__Work to be completed__
Copy out the listing below exactly, please, and skip any pictures.
___ Data extract
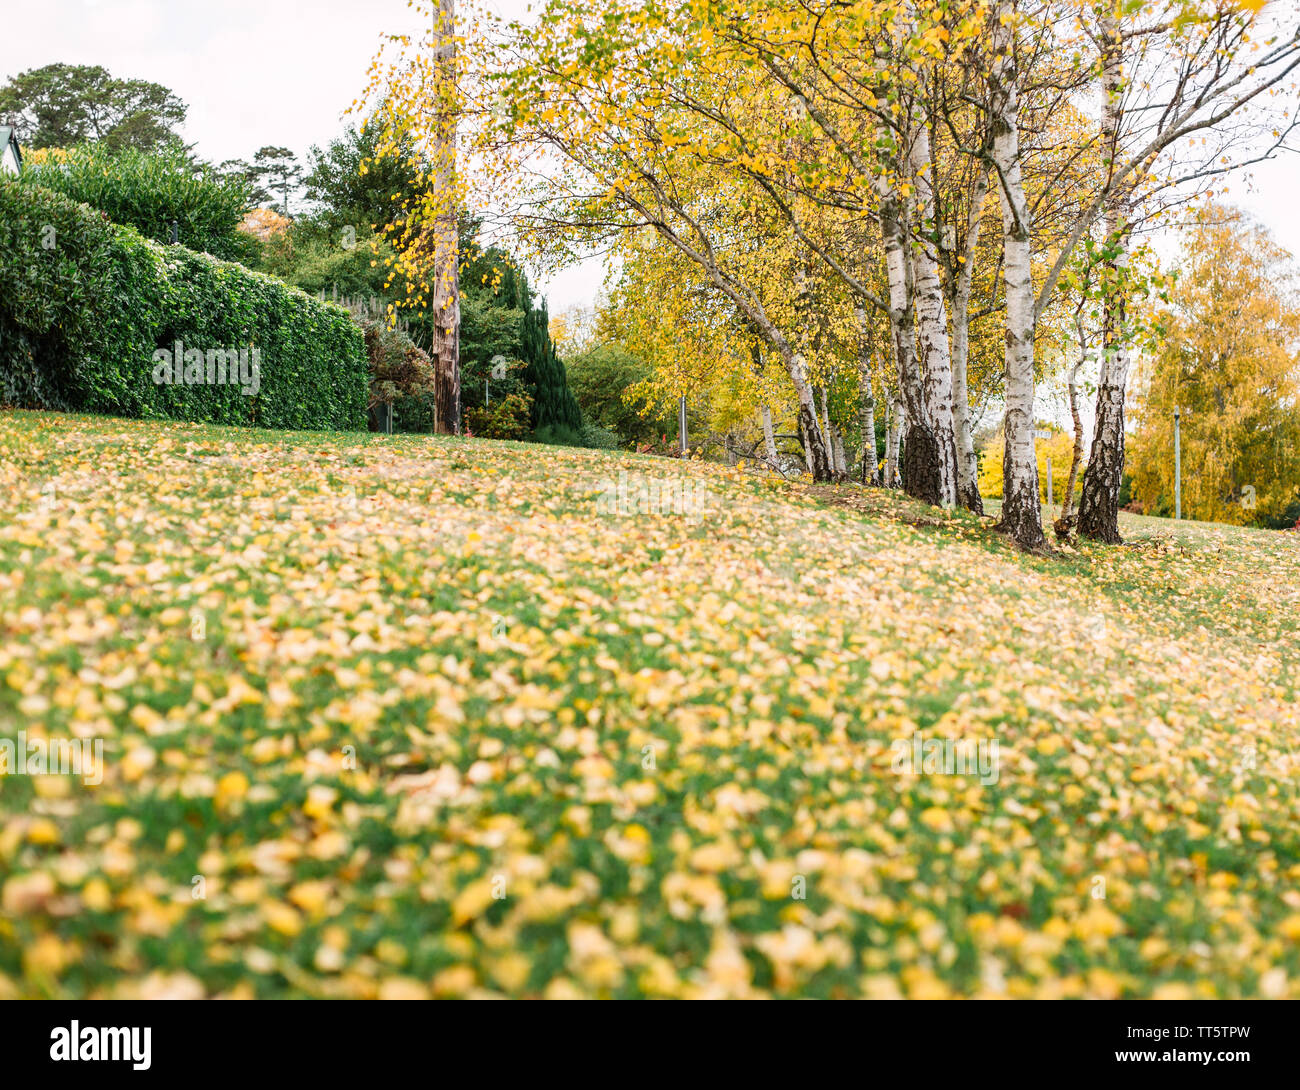 Striscia di natura con più alberi di betulla con foglie di giallo e con foglie di giallo caduti sull'erba verde Foto Stock
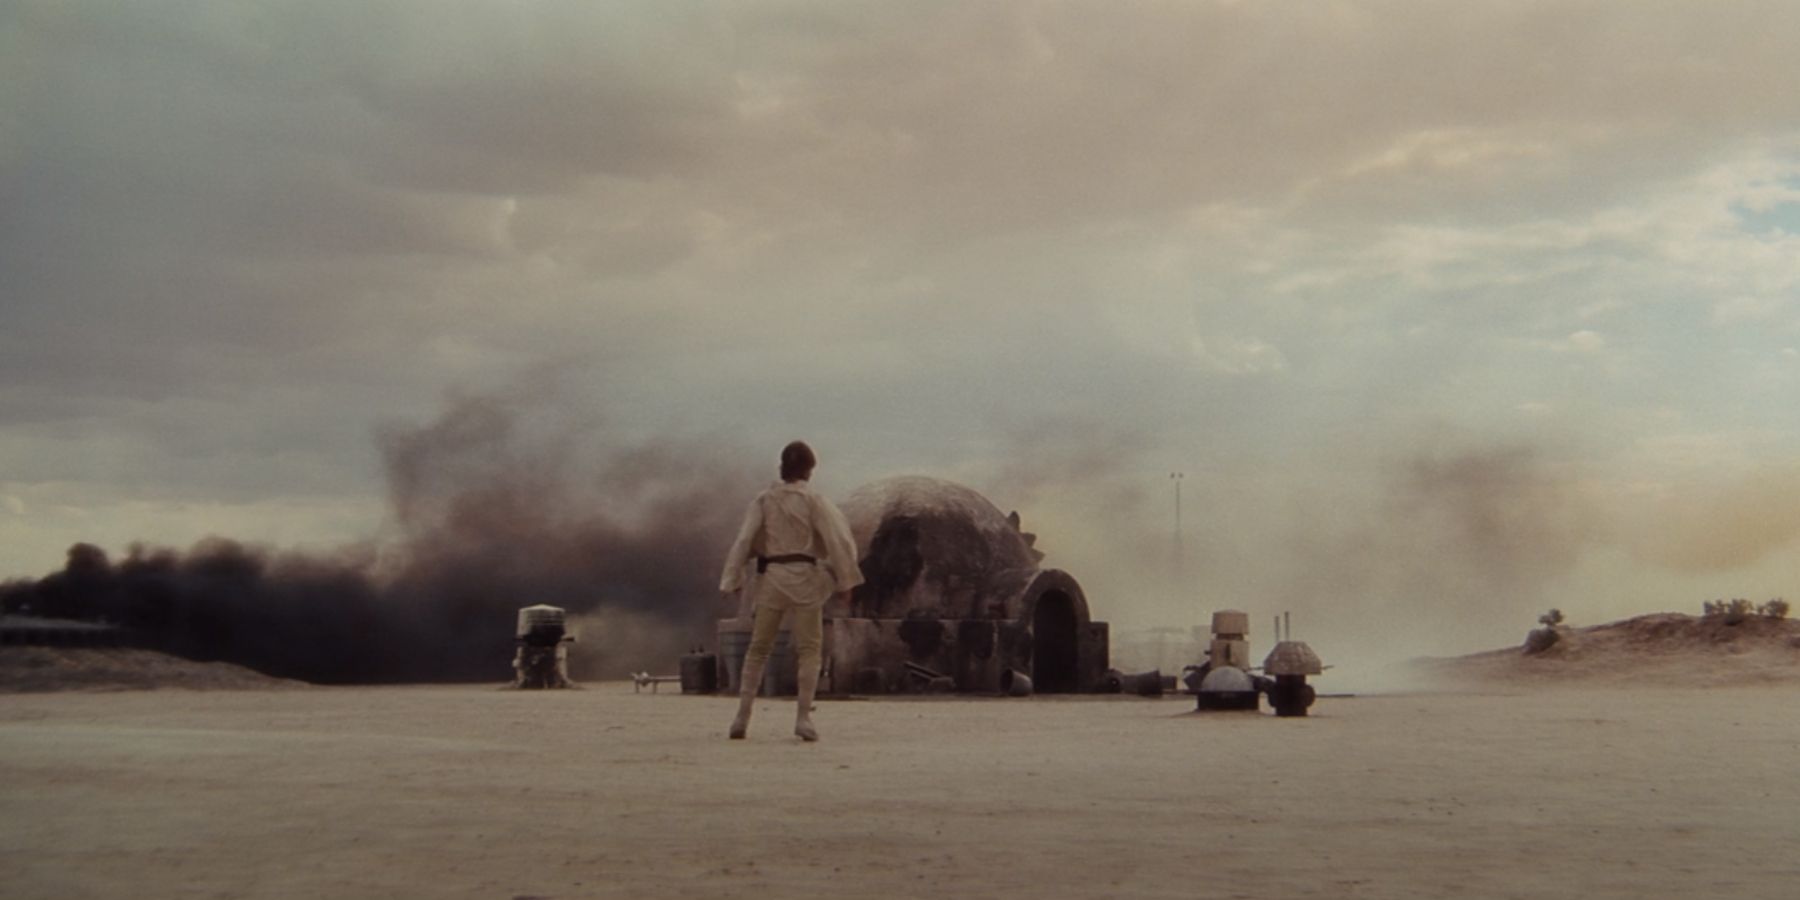 Luke Skywalker finding the ranch on fire in Star Wars A New Hope
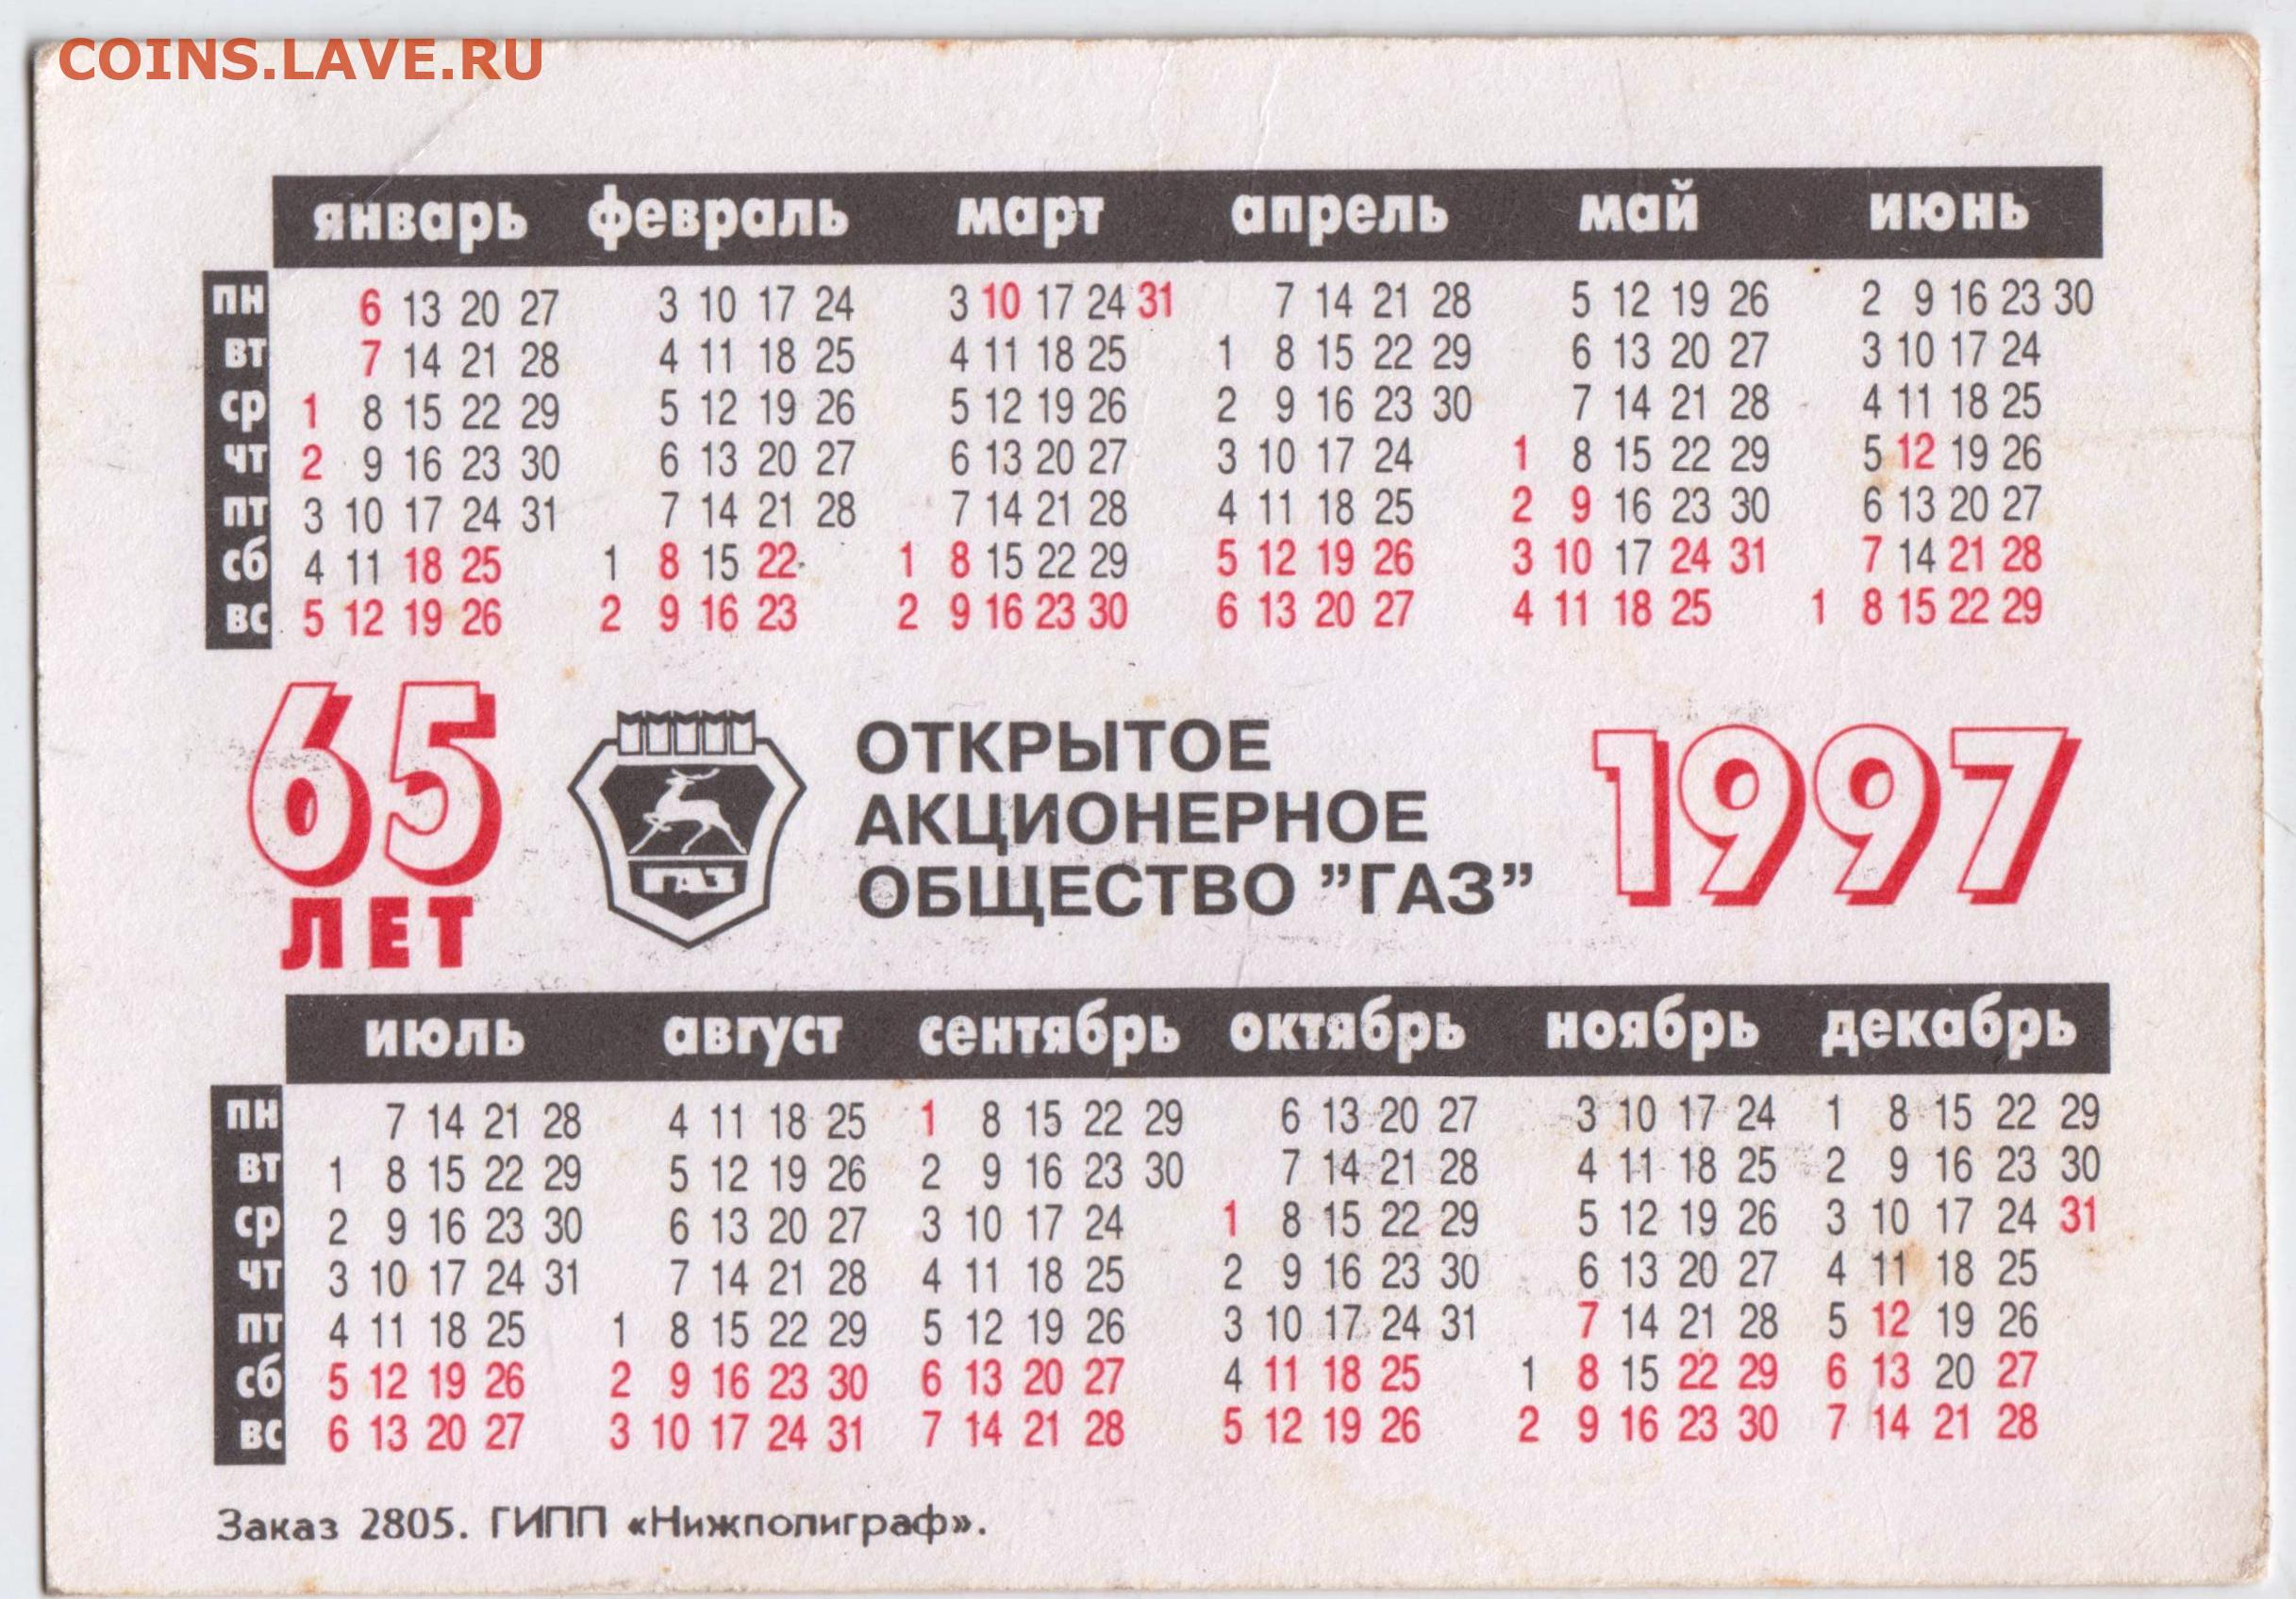 1 июля 1997. Календарь 1997. Календарь 1997 года по месяцам. Календарь 1999. Июнь 1997 года календарь.
______
__Response for this exercise__
 Striscia di natura con più alberi di betulla con foglie di giallo e con foglie di giallo caduti sull'erba verde Foto Stock
 Luke Skywalker finding the ranch on fire in Star Wars A New Hope
 1 июля 1997. Календарь 1997. Календарь 1997 года по месяцам. Календарь 1999. Июнь 1997 года календарь.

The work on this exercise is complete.